# Gradient vector perpendicular to level curves?

1. Jul 28, 2014

### princejan7

1. The problem statement, all variables and given/known data

can anyone explain/prove why the gradient vector is perpendicular to level curves?

2. Relevant equations

3. The attempt at a solution

2. Jul 28, 2014

I think this could be a good exercise for you to prove yourself. I will give some pointers. You have a function $f : \mathbb{R}^n \rightarrow \mathbb{R}$ and level sets such that $f(x_1,..., x_n) = c.$

Let $\gamma(t) = (x_1(t),...,x_n(t))$ be a curve on the level surface and consider $g(t) = f(x_1(t),...,x_n(t))$. Now compute $\frac{d}{dt}g(t)$.

Last edited: Jul 28, 2014
3. Jul 28, 2014

### slider142

The directional derivative DuF(P) of a function F in the direction of the unit vector u at the point P is equivalent to the dot product of the gradient vector ∇F(P) with the unit vector u (this is something you should prove if you have not already done so).
The value of F does not change in the direction of the tangent vector to the level curve that passes through P, since a level curve is a set of points where the value of F is constant.

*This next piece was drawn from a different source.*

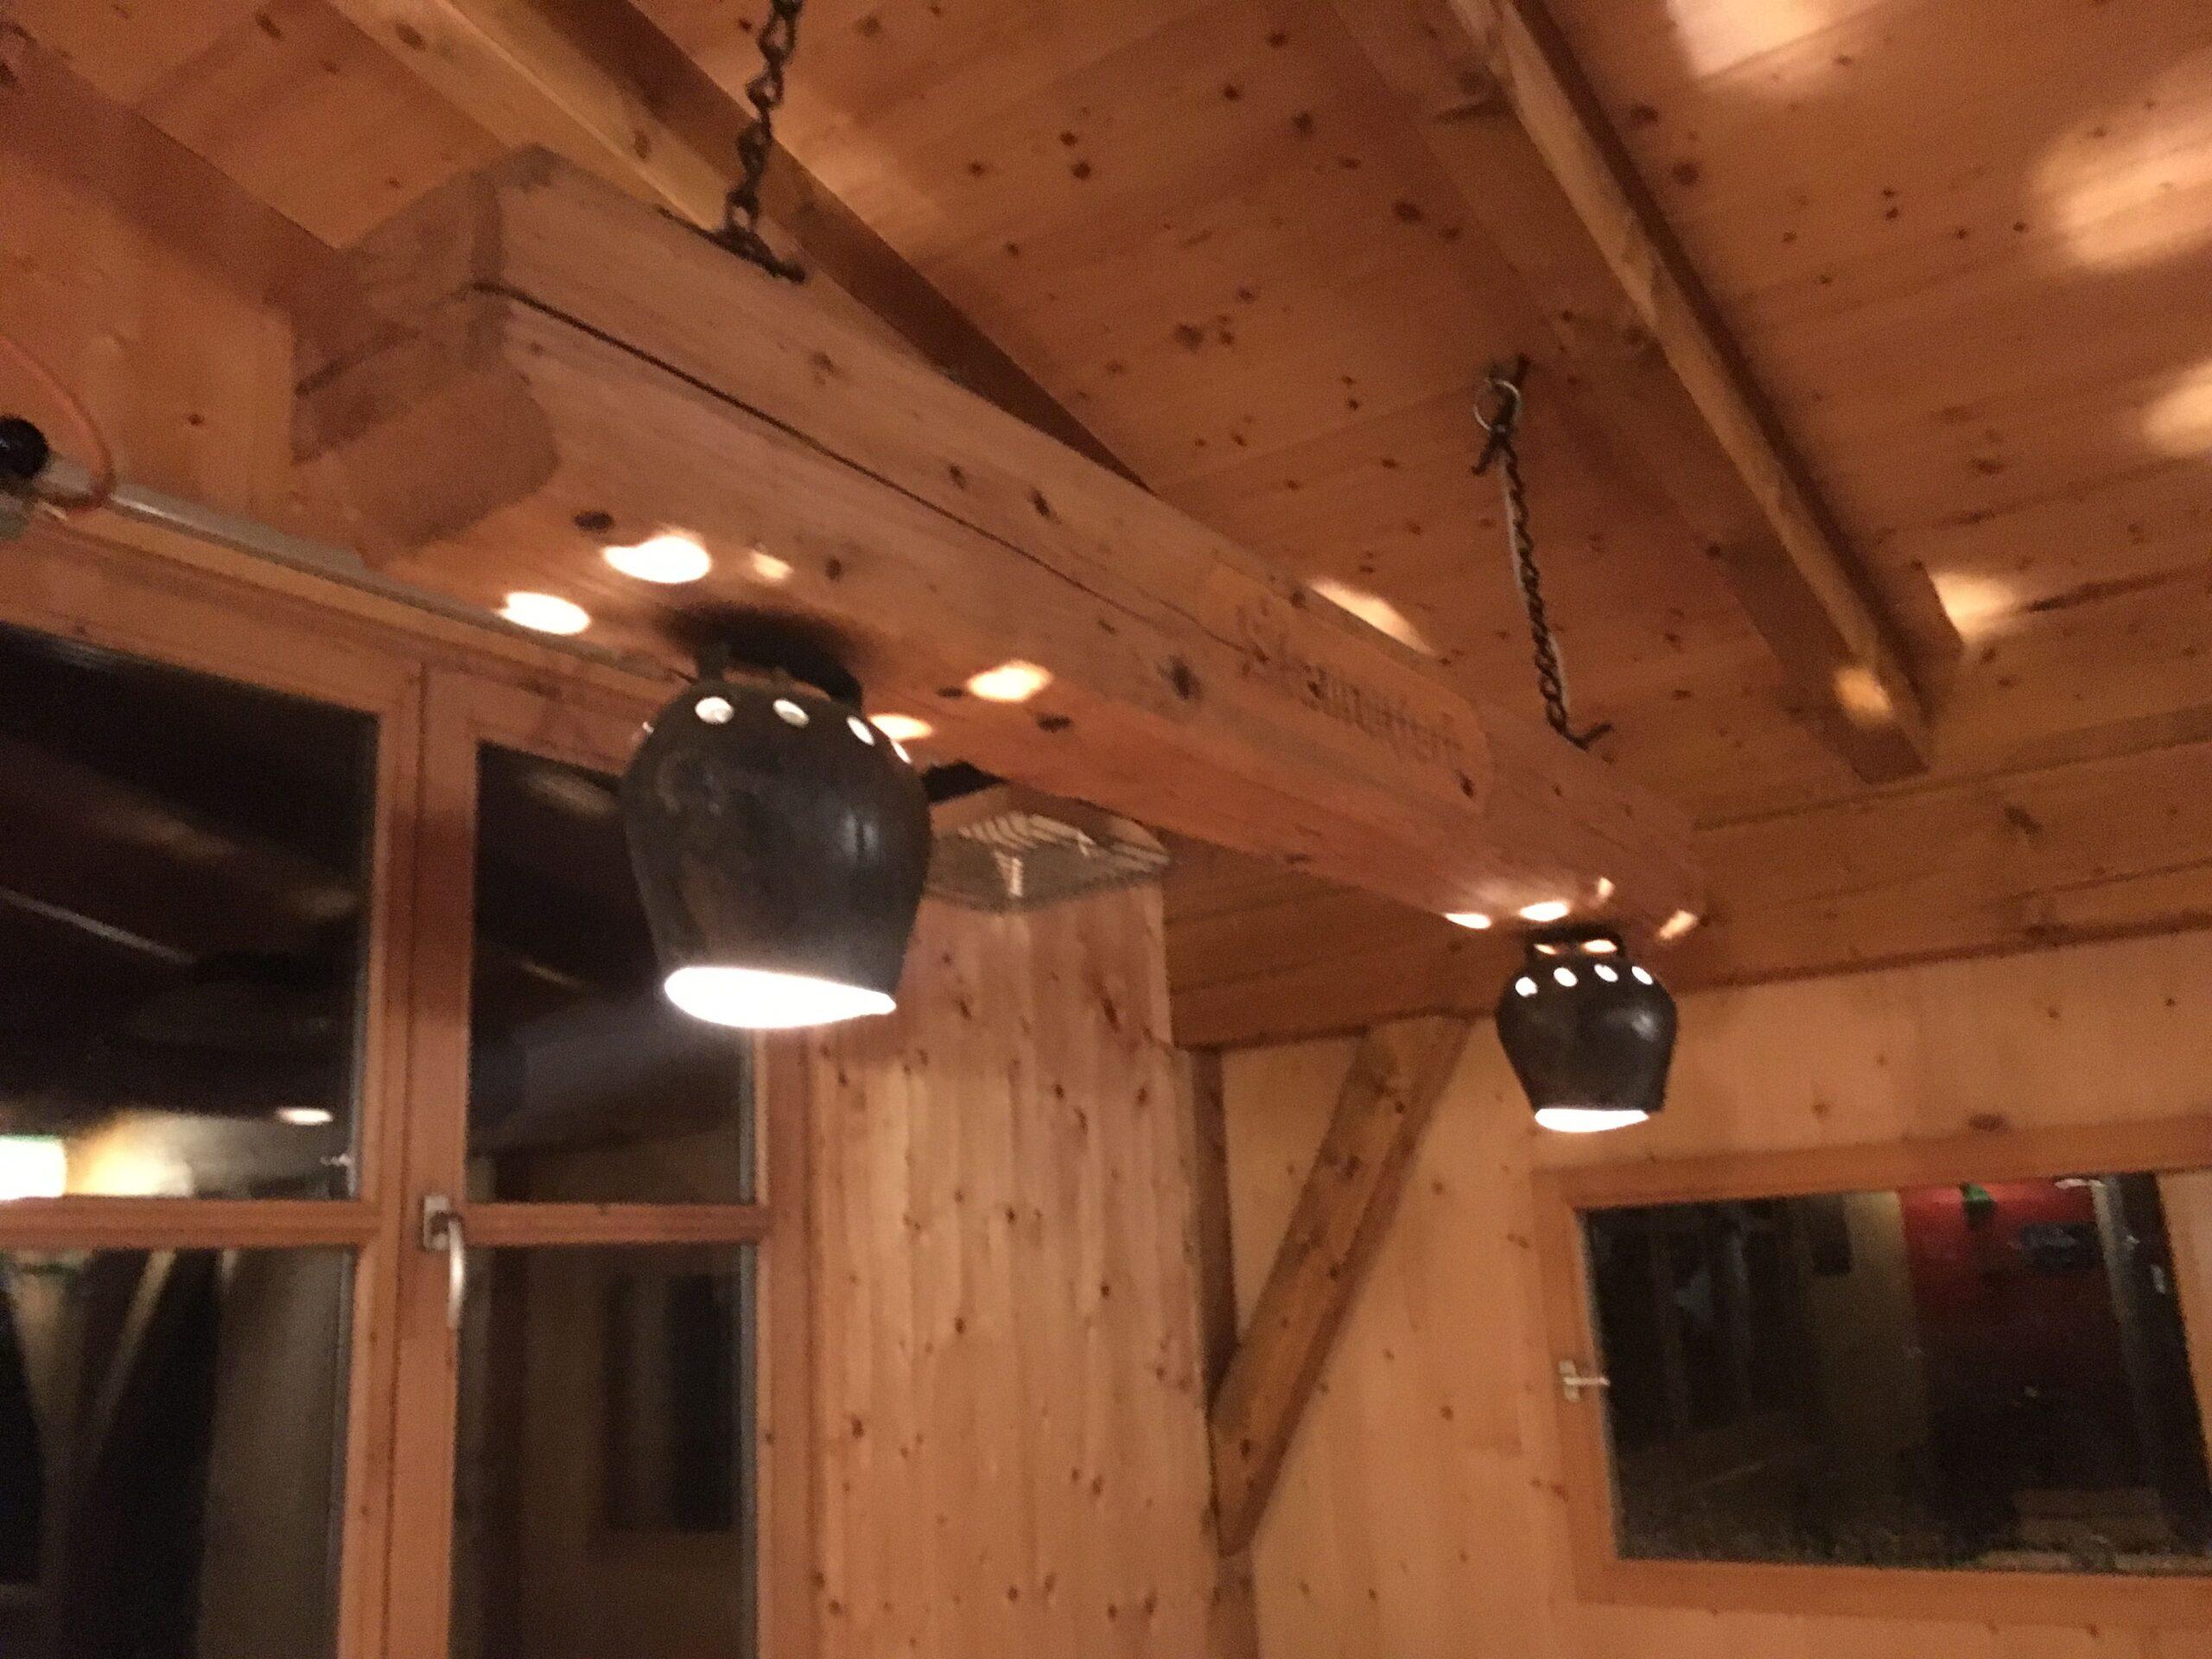 Full Size of Kuhglocken Lampe Landhausstil Lampen Betten Bad Küche Sofa Esstisch Wohnzimmer Bett Boxspring Wohnzimmer Küchenlampe Landhausstil

Therefore, the directional derivative of F in that direction is 0. Since this is equivalent to the dot product between ∇F(P) and any unit tangent vector to the level curve, and assuming neither vector is the zero vector, the two vectors must be perpendicular.
You can put each of these intuitive arguments into rigorous mathematical form in order to get a more rigorous picture.

Edit: I agree with Quesadilla (it looks like we posted at the same time). This is something you may like to prove rigorously yourself, if you understand the definition of the gradient, dot product, and directional derivative. It is a walk through a series of definitions.